The example_files directory has the sample input files used in this chapter.
sort
As the name implies, this command is used to sort the contents of input files. Alphabetic sort and numeric sort? Possible. How about sorting a particular column? Possible. Prioritized multiple sorting order? Possible. Randomize? Unique? Lots of features supported by this powerful command.
Common options
Commonly used options are shown below. Examples will be discussed in the later sections.
-n
sort numerically-g
general numeric sort-V
version sort (aware of numbers within text)-h
sort human readable numbers (ex: 4K, 3M, 12G, etc)-k
sort via key (column sorting)-t
single byte character as the field separator (default is non-blank to blank transition)-u
sort uniquely-R
random sort-r
reverse the sort output-o
redirect sorted result to a specified filename (ex: for inplace sorting)
Default sort
By default, sort
orders the input lexicographically in ascending order.
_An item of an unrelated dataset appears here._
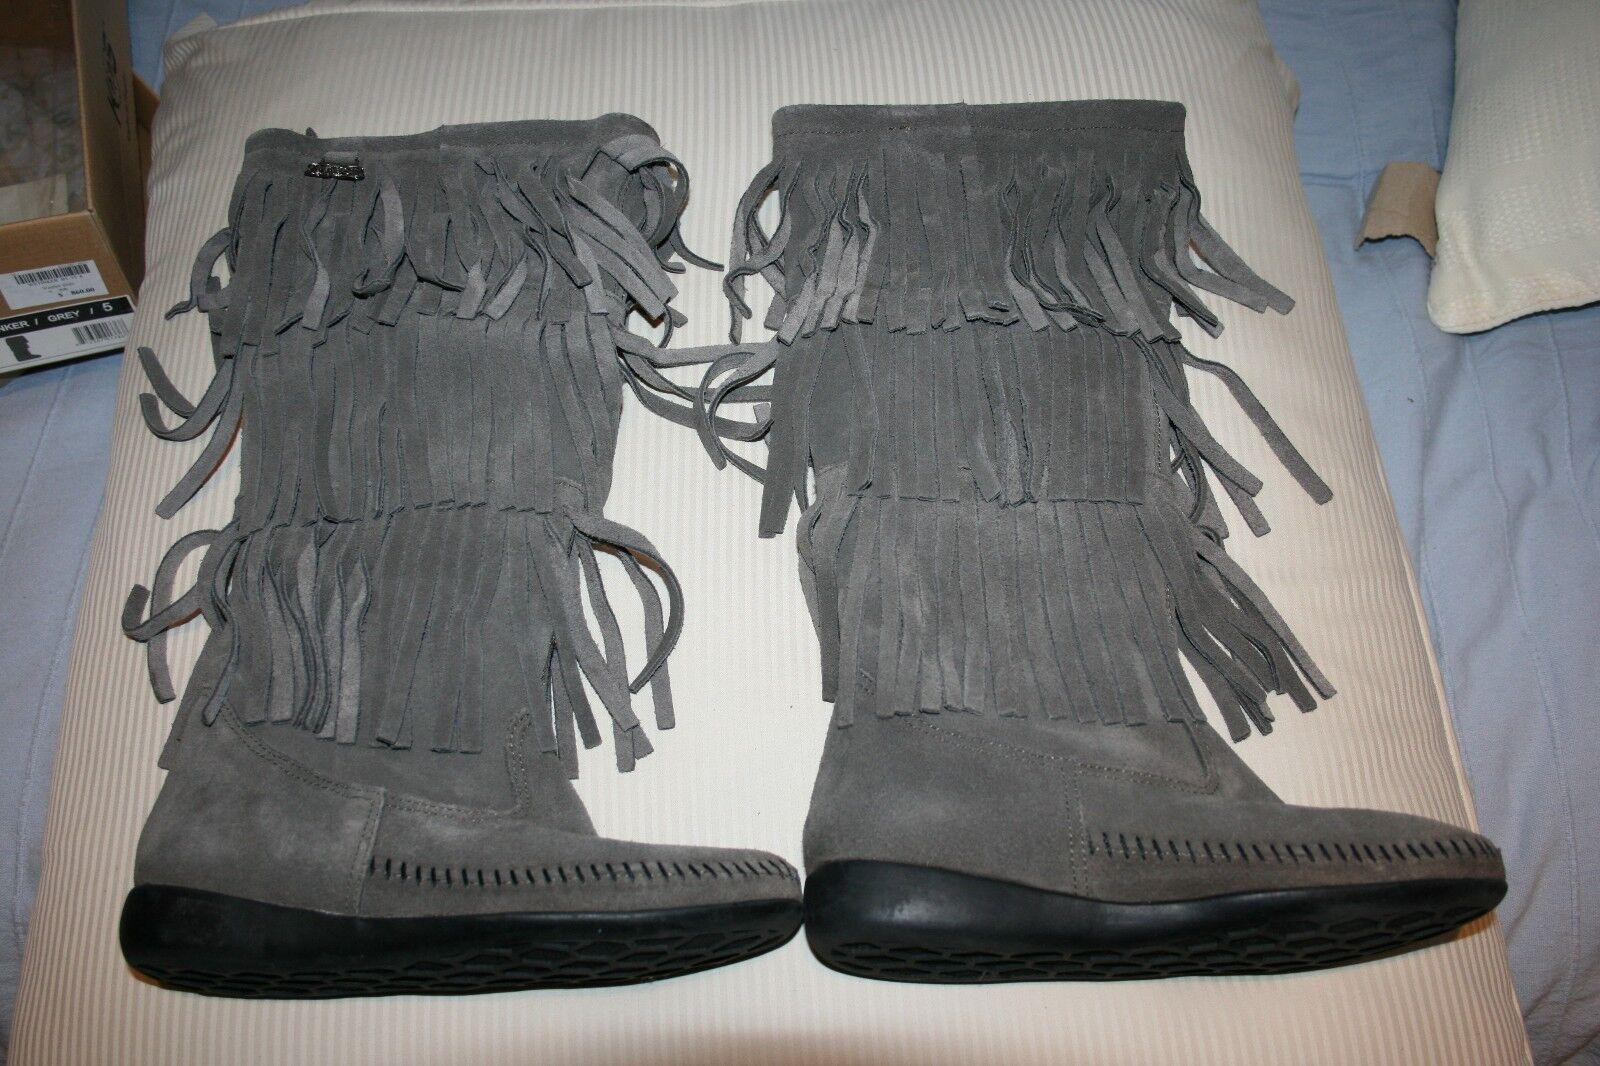 KOs nos Tinker Gamuza Cuero gris botas en Caja Damas Tassle flecos  UK Talla 3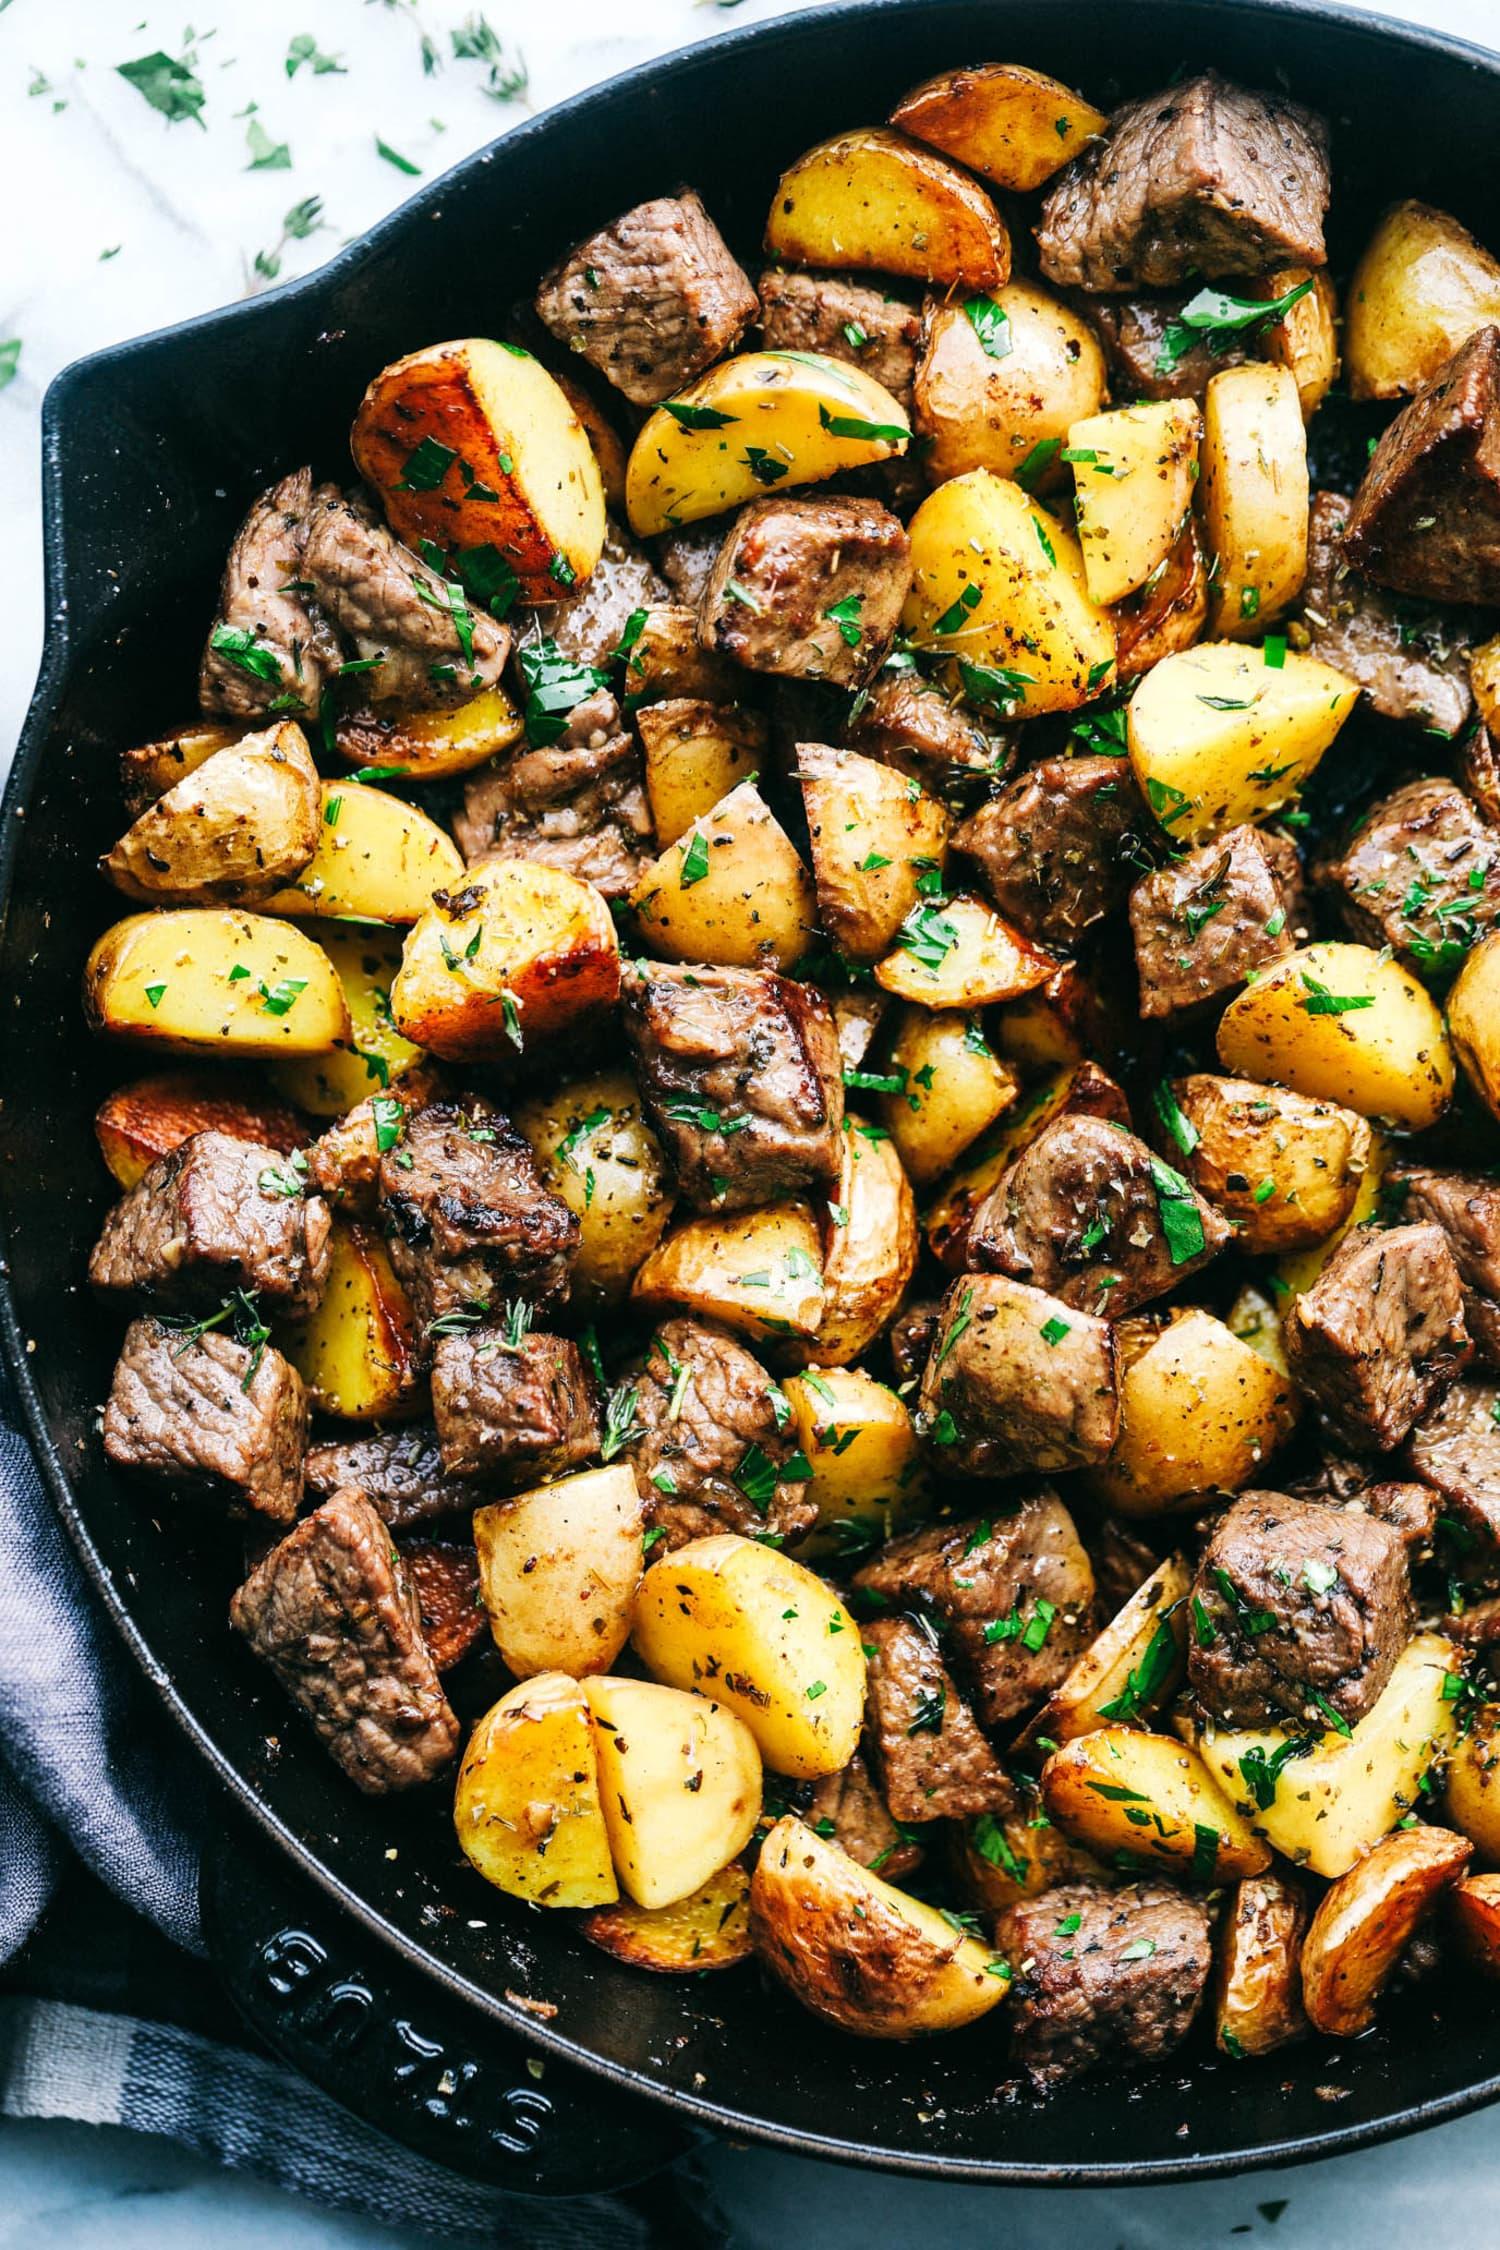 Treat Yourself to Garlic Butter Herb Steak Bites Tonight

You can use the -r
option to reverse the results.
# default sort
$ printf 'banana\ncherry\napple' | sort
apple
banana
cherry
# sort and then display the results in reversed order
$ printf 'peace\nrest\nquiet' | sort -r
rest
quiet
peace
Use the
-f
option if you want to ignore case. See also coreutils FAQ: Sort does not sort in normal order!.
Numerical sort
There are several ways to deal with input containing different kind of numbers:
$ printf '20\n2\n-3\n111\n3.14' | sort -n
-3
2
3.14
20
111
# sorting human readable numbers
$ sort -hr file_size.txt
1.4G games
316M projects
746K report.log
104K power.log
20K sample.txt
# version sort
$ sort -V timings.txt
3m20.058s
3m42.833s
4m3.083s
4m11.130s
5m35.363s
Unique sort
The -u
option will keep only the first copy of lines that are deemed to be equal.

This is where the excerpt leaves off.